Generalized Neutrino Interactions: constraints and parametrizations

Generalized neutrino interactions (GNI) are emerging as a convenient framework for describing effective scalar, vector, and tensor interactions. Such interactions arise naturally from extensions of the Standard Model that aim to explain neutrino properties and their mass origin. In this paper, we carefully study the two more common parametrizations for GNI and how to relate them. This allows us to compare bounds obtained from CEvNS and deep-inelastic scattering under the same footing. In addition, we present the current bounds from CEvNS measurements by COHERENT and compare them to those obtained from deep inelastic scattering on the same level. Our results focus on neutrino-quark interactions, and illustrate the complementarity between experiments working at different scales for GNI, showing that scalar interactions are better constrained by low-energy experiments like COHERENT, while tensor interactions are robustly constrained from deep inelastic scattering.

💡 Research Summary

The manuscript provides a comprehensive study of generalized neutrino interactions (GNI), focusing on scalar, vector, and tensor operators that arise in many extensions of the Standard Model (SM) aimed at explaining neutrino masses. Two widely used parametrizations are examined: the “ε‑parameter” formalism, which directly attaches left‑ and right‑handed neutrino currents to quark currents with coefficients ε_X and ˜ε_X, and the “C‑parameter” formalism, which introduces complex coefficients C_X and D_X and explicitly separates the SM vector and axial contributions. The authors derive explicit conversion relations (Eqs. 4–7) that map every ε‑parameter to a combination of C and D coefficients, thereby establishing a one‑to‑one correspondence between the two frameworks.

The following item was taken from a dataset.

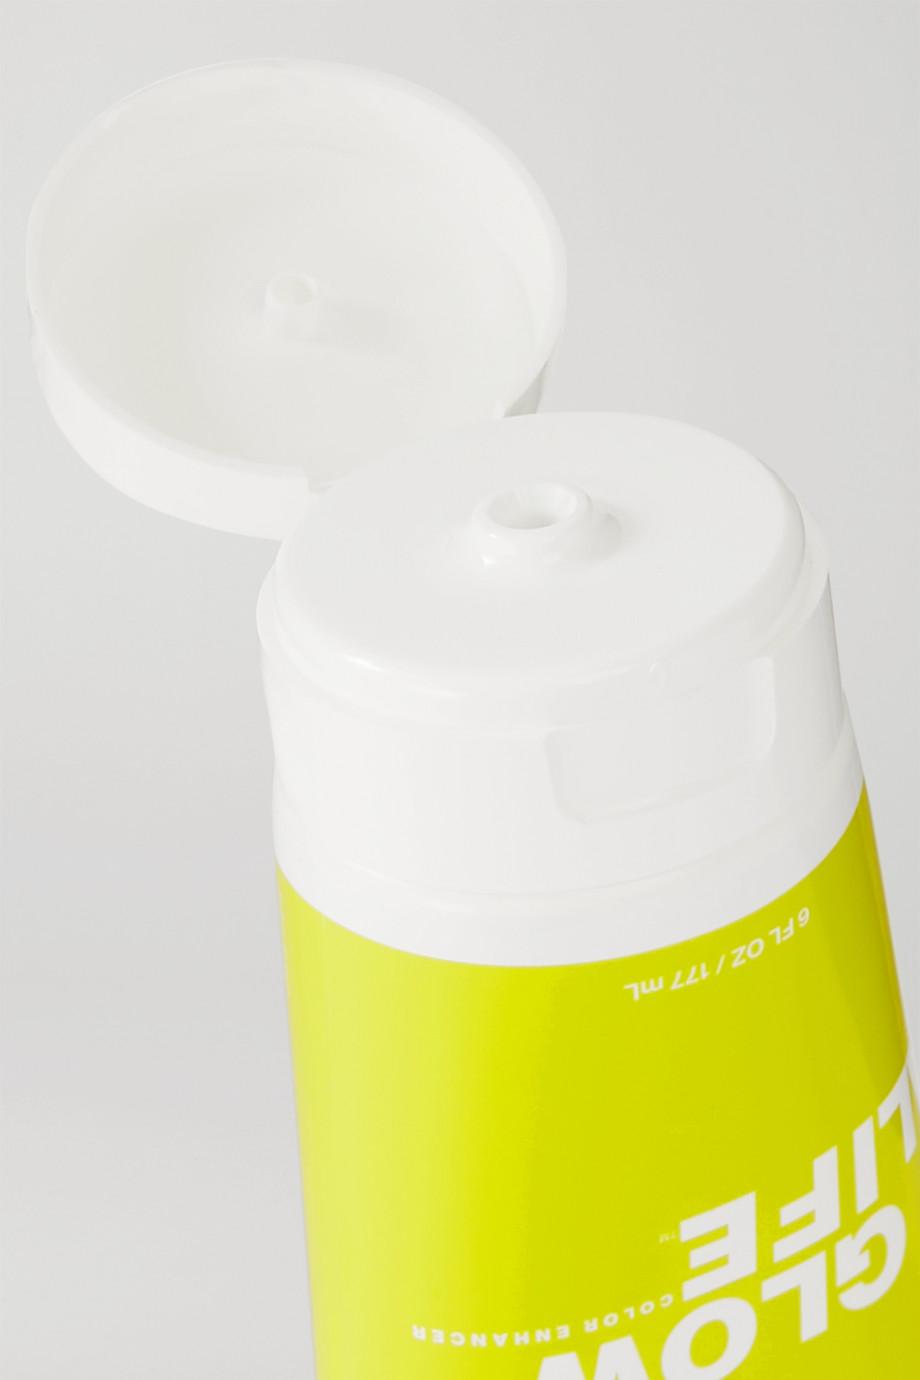 NORMAKAMALIFE Glow Color Enhancer, 177ml

Armed with this mapping, the paper proceeds to evaluate how low‑energy coherent elastic neutrino‑nucleus scattering (CEvNS) experiments and high‑energy deep‑inelastic scattering (DIS) measurements constrain the same underlying GNI couplings. For CEvNS, the authors write the differential cross sections for scalar, vector, and tensor interactions in both parametrizations, incorporating nuclear form factors (Klein‑Nystrand) and nucleon‑level scalar form factors f_{Nq}. They emphasize that scalar and vector contributions receive an N² enhancement (N = neutron number), while tensor terms are not coherently enhanced and are instead suppressed by nuclear spin structure. The χ² analysis of the COHERENT CsI data includes seven nuisance parameters (signal normalization, form‑factor uncertainties, efficiency, and three background normalizations) and treats each GNI coefficient individually, yielding 90 % confidence limits. The resulting bounds show that scalar couplings are limited at the 10⁻³ level, vector/axial couplings are comparable to existing NSI limits, and tensor couplings are only weakly constrained (∼10⁻¹) by CEvNS.

In the DIS sector, the authors recast the neutral‑current cross sections measured by the CHARM and CDHS experiments in terms of the same GNI parameters. By adding the ε‑ or C‑terms to the SM partonic cross sections, they obtain modifications proportional to left‑ and right‑handed quark charges (g_{qL}, g_{qR}) and new scalar/tensor contributions that grow with the momentum transfer Q². Because DIS probes large Q² and accesses individual quark flavors, it is especially sensitive to tensor operators. The analysis shows that DIS limits tensor couplings down to ∼10⁻⁴, an order of magnitude stronger than CEvNS, while scalar couplings are constrained at a level comparable to, but slightly weaker than, the low‑energy bounds.

The key insight is the complementarity between the two experimental regimes: low‑energy CEvNS experiments provide the strongest constraints on scalar interactions due to coherent enhancement, whereas high‑energy DIS experiments dominate the limits on tensor interactions because of their Q²‑dependent sensitivity. Vector and axial couplings receive comparable constraints from both types of measurements. By establishing a unified parametrization, the authors enable direct comparison of results across experiments that previously used different conventions.

The paper concludes by highlighting the importance of a common GNI framework for future global fits, especially with upcoming facilities such as DUNE and Hyper‑K, which will span both low‑ and high‑energy neutrino interactions. The authors also note that many specific BSM scenarios (leptoquarks, light mediators, neutrino magnetic moments) map onto particular combinations of the scalar or tensor GNI coefficients, so the presented limits can be readily interpreted in model‑specific contexts. Overall, the work provides a valuable reference for both theorists and experimentalists aiming to constrain non‑standard neutrino interactions in a coherent, model‑independent manner.